Task brief
Take from the entries below the stretch from the line with "Sokolniki, Moscow" through the line with "Una diabética en", and return it exactly, leaving the pictures out.

Given information
= = =
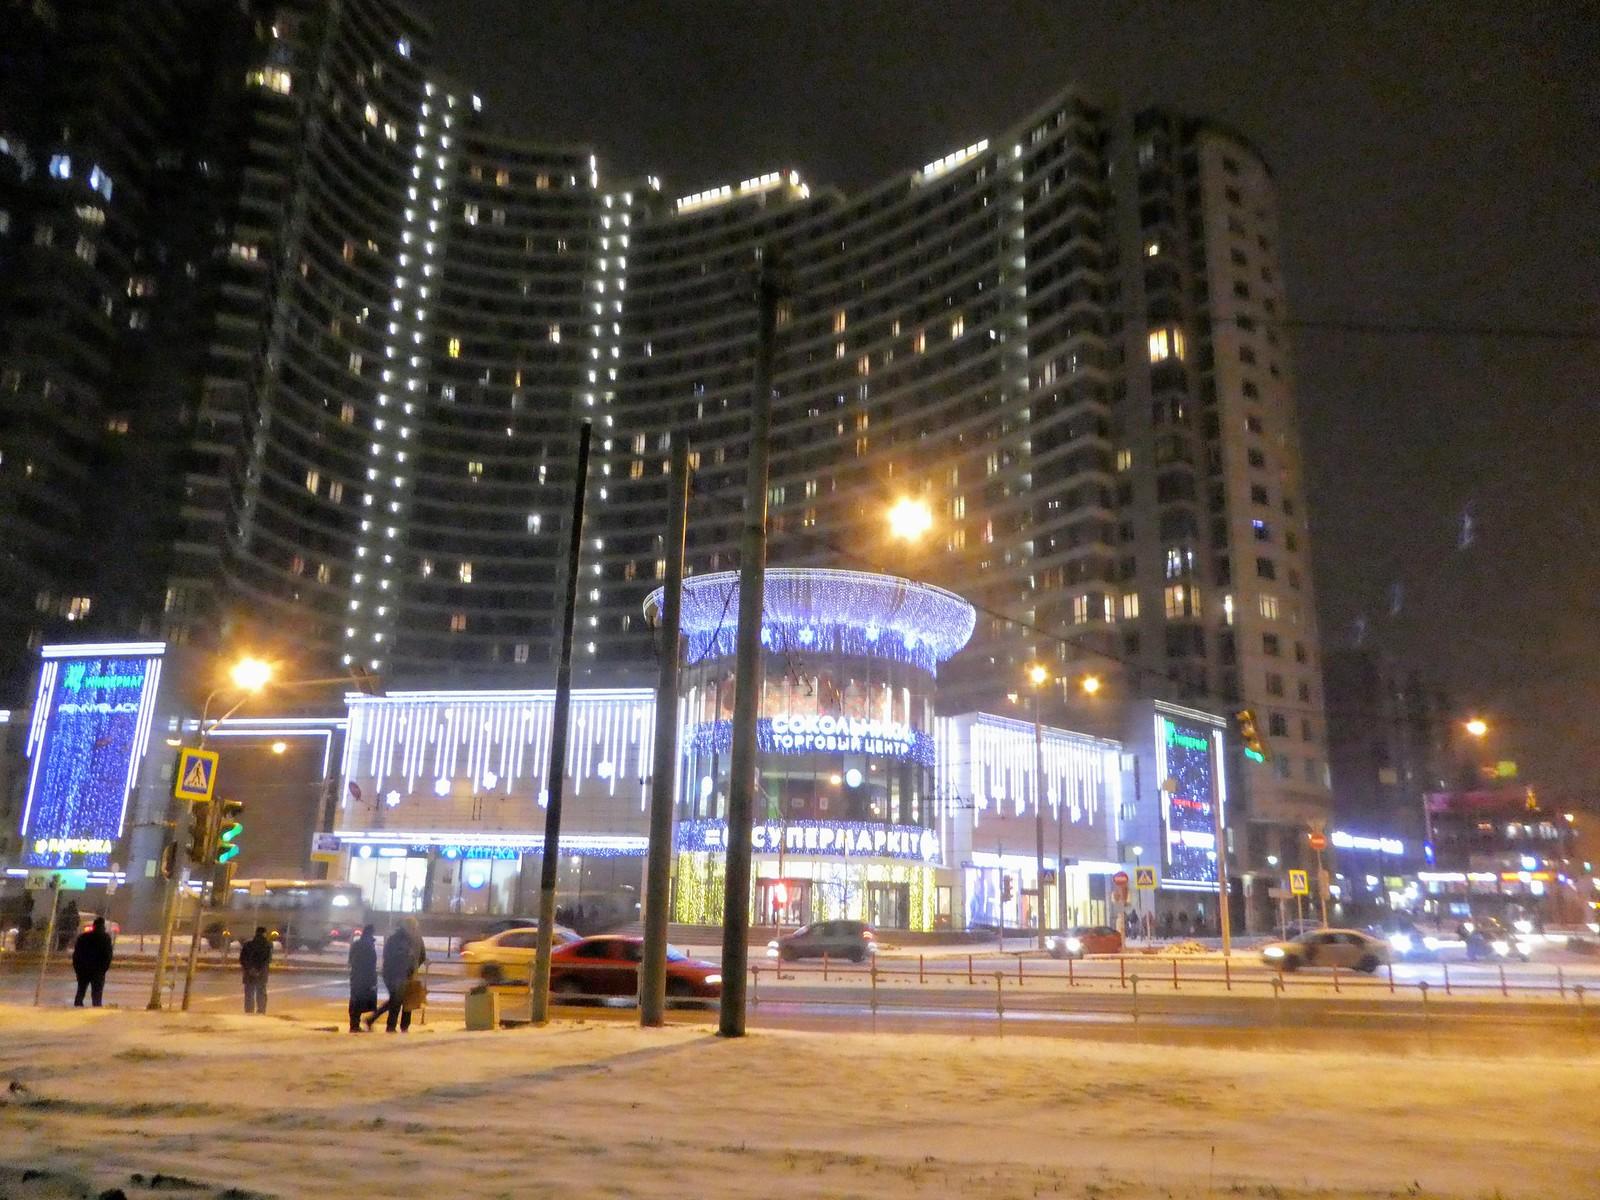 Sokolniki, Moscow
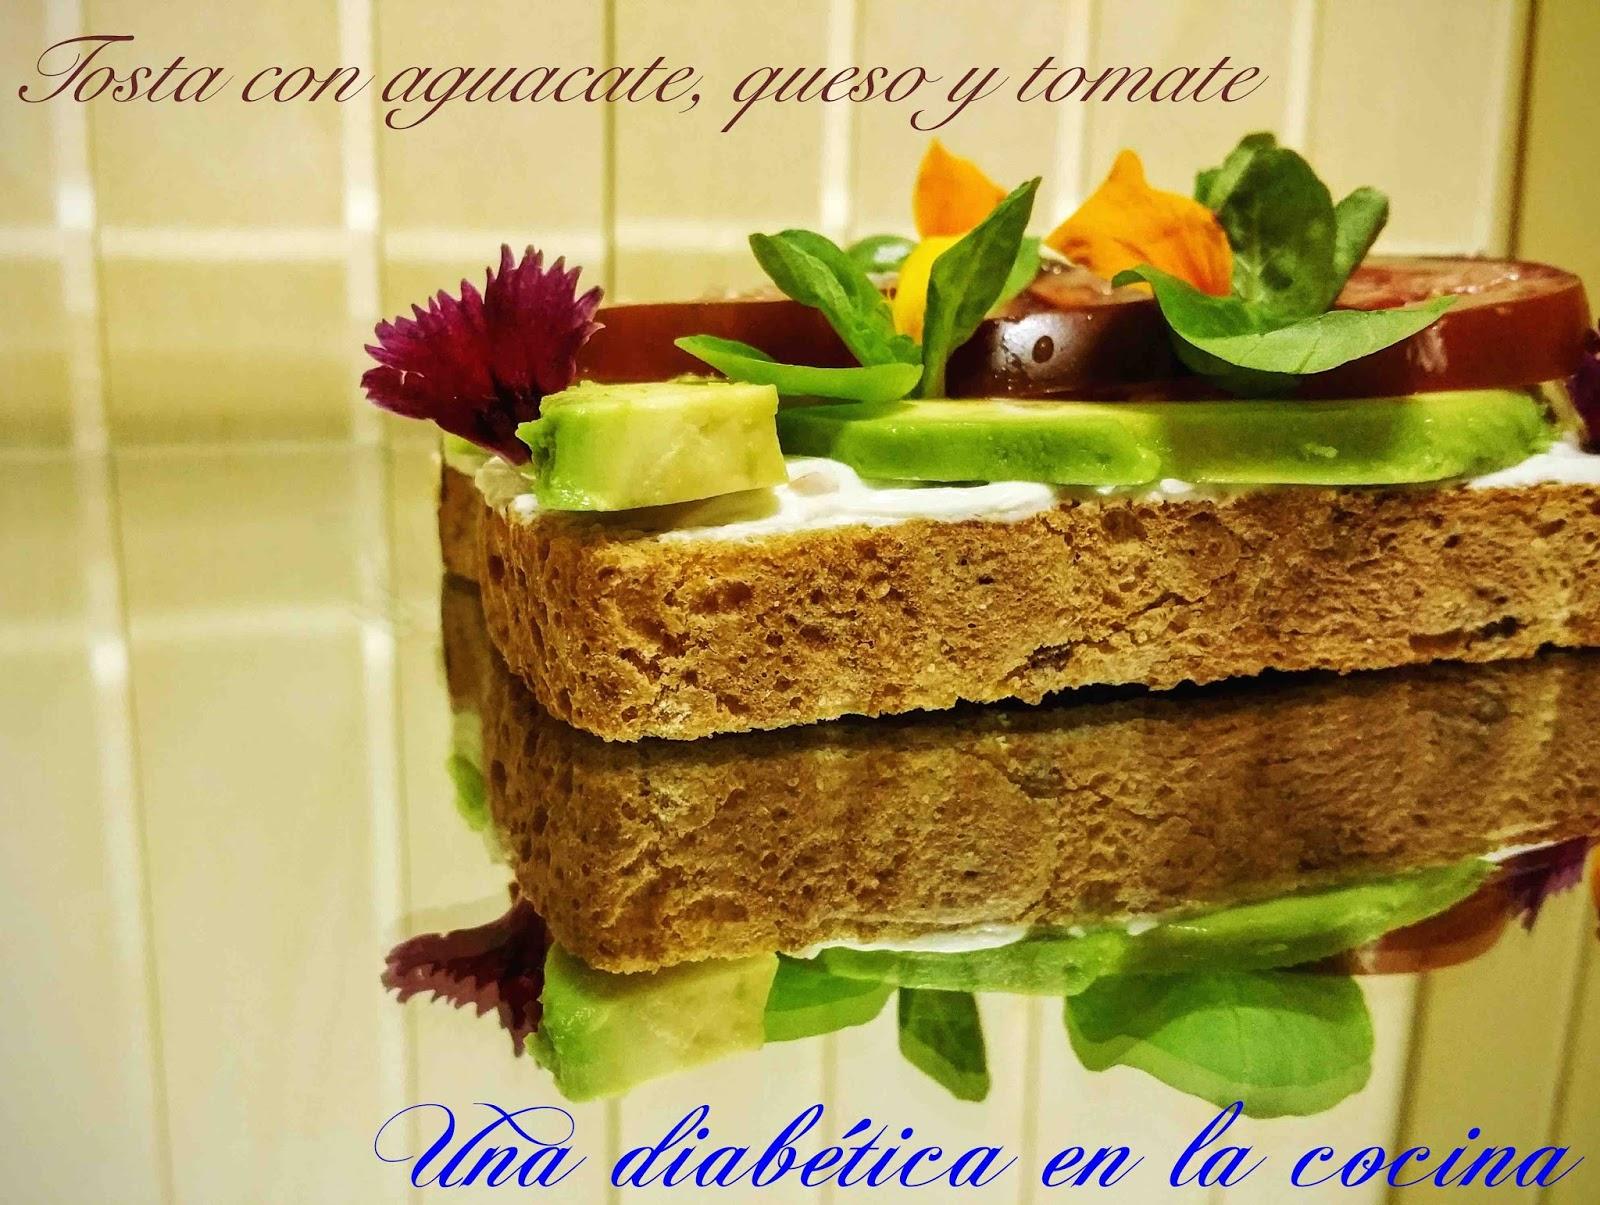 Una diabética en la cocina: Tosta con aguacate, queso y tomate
= = =
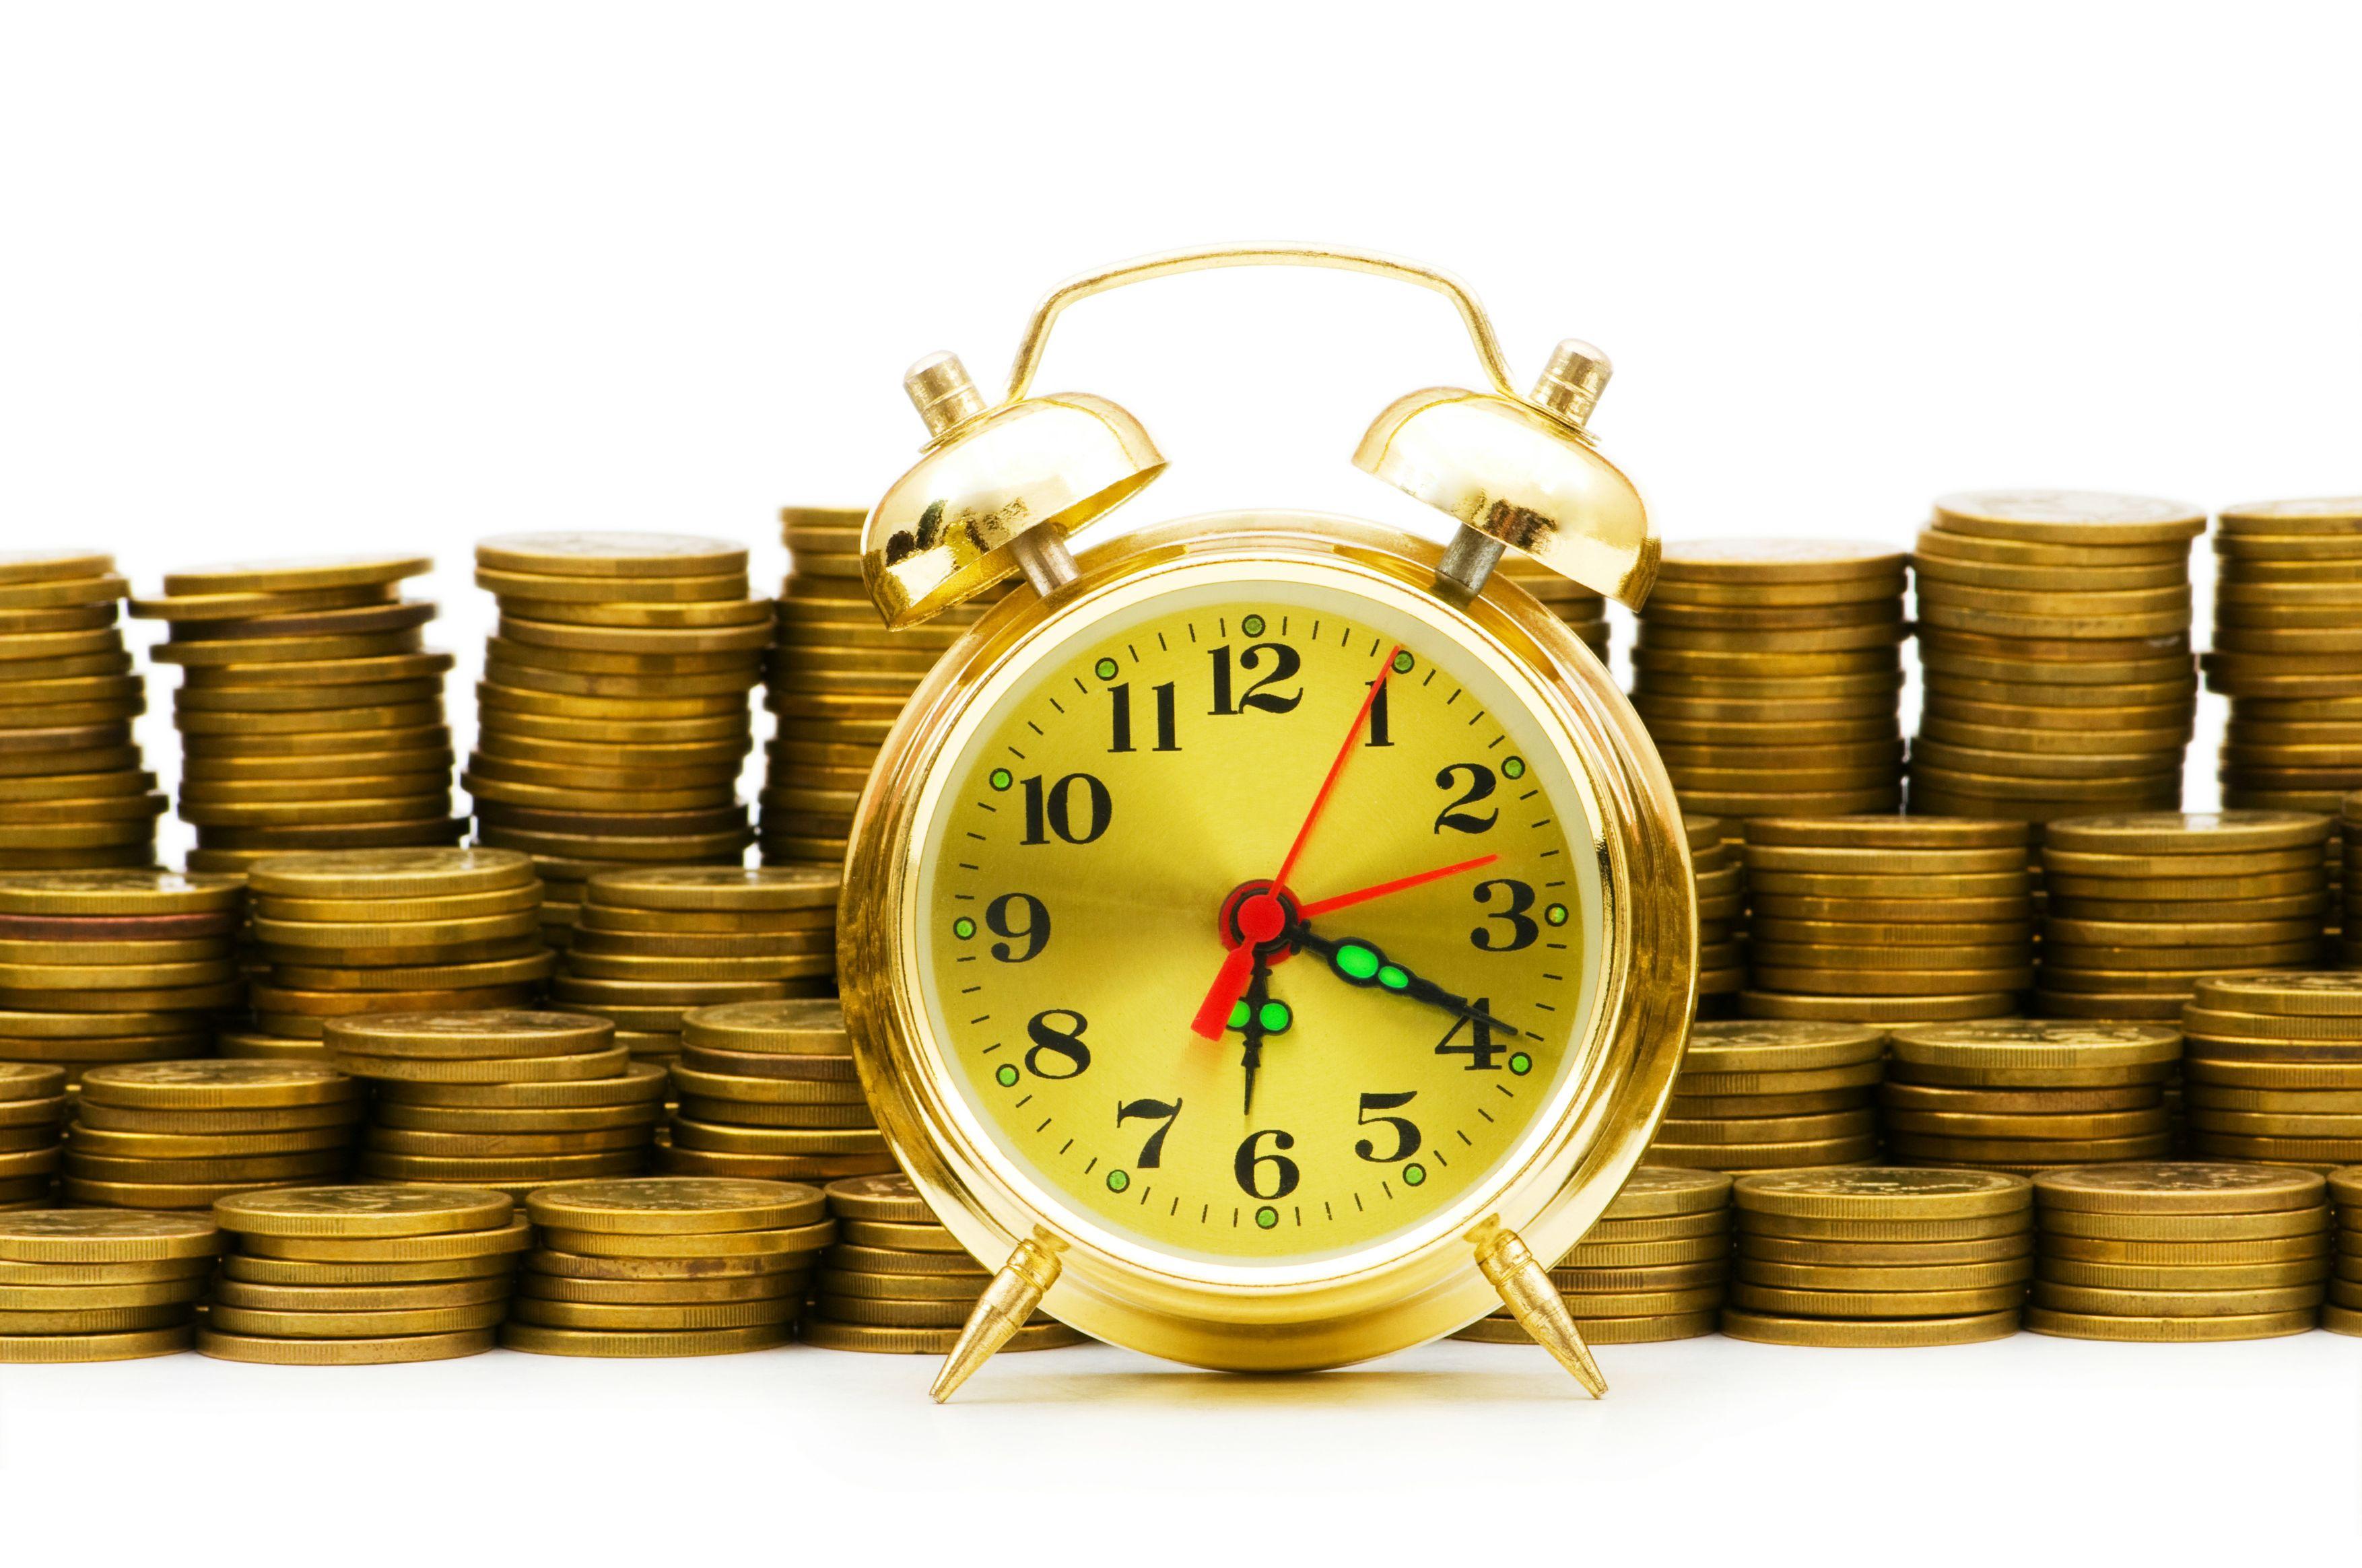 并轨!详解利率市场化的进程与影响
= = =
Answer for this exercise
 Sokolniki, Moscow
 Una diabética en la cocina: Tosta con aguacate, queso y tomate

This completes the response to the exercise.